They met with members of the Public Integrity Unit and asked to see other video evidence LMPD had, such as surveillance footage from Kroger, that allegedly showed Gazaway firing at officers.

“There are TV screens in the room, so we said, ‘Okay, can we just see what happened? … Let’s just watch it with you. And they said that we would be able to do that after the investigation was finalized,” Gazaway Bell said.

Months went by with no answers. In December, the family hired attorney Laura Landenwich to try to obtain information about the investigation and prepare for a possible civil rights lawsuit. But they only have a year after the shooting to do so. 

Landenwich’s subpoenas and open records requests seeking forensic reports, witness statements and the rest of the footage from the investigation have all been denied because of the open PIU investigation. The family and Landenwich say they believe the department is using the open PIU case as a way to run out the clock.

The family sued LMPD on June 25 in an attempt to compel the department to release those records. Landenwich said in the suit that LMPD failed to offer meaningful explanation of how the disclosure of the document could cause harm to an ongoing investigation in some “significant and concrete way,” as the law requires.

“There cannot be accountability without transparency. And there can’t be transparency until Louisville Metro Police Department starts complying with open records laws and telling families what has happened to their loved ones,” Landenwich said. “Regardless of what the facts are, we just want to know.”

More than seven months after the shooting, LMPD still has Stephenson Carter’s car, which Gazaway drove to the Kroger. They told her they couldn’t return it until after the investigation was closed.

Return To Duty

Although the case is still under review by the commonwealth’s attorney, both officers involved completed a “return to duty qualification firearm training” on January 29, almost three months after the shooting, according to LMPD personnel files.

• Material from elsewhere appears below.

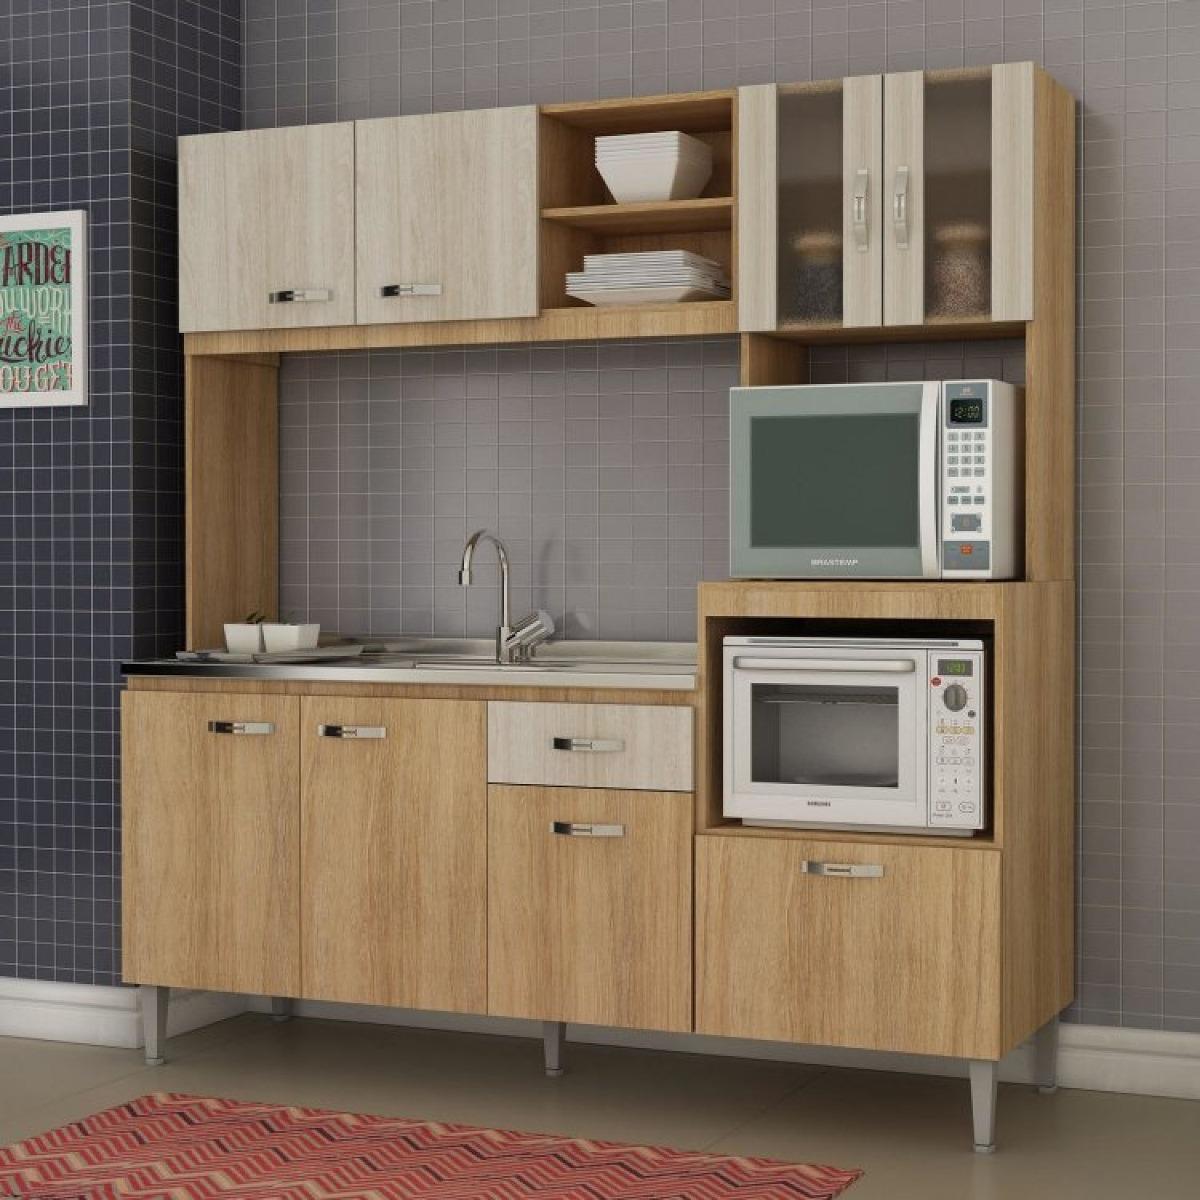 Cozinha Compacta Sem Pia E Tampo 8 Portas 1 Gaveta Bj R 519 90 Em

It’s clear Norton returned to duty, since he was involved in the June shooting, but LMPD didn’t respond to questions about when he returned to duty, or whether Dugan is also back on patrol.

The day before that training session, each received a letter of commendation for their actions the night of the fatal shooting. The letter says they responded to a shooter firing “indiscriminately” in the Kroger. The commendation letter also informs the officers they have been nominated for the Medal of Honor.

“You are to be praised and recognized for your exceptional bravery,” the commendation letter reads. “You placed your own lives at risk of serious physical injury or death confronting the shooter and engaging in a deadly fire fight when the shooter began to fire his weapon at you.” 

The nomination form also notes that video of the incident is “locked due to a PIU investigation.”

To Stephenson Carter, the fact that the department awarded the officers a commendation letter before closing her son’s case and letting her family know more about what happened that night is like rubbing salt in her wounds.

J. Tyler Franklin

Semone Stephenson Carter

“Why can’t we have closure? Why can’t we just call it what it is?” Stephenson Carter said. “If you’re wrong, man up. Accept the fact that you’re wrong. If we’re right, give us that peace… Prove it to me that Shelby did anything wrong other than to protect himself and get out of harm’s way.”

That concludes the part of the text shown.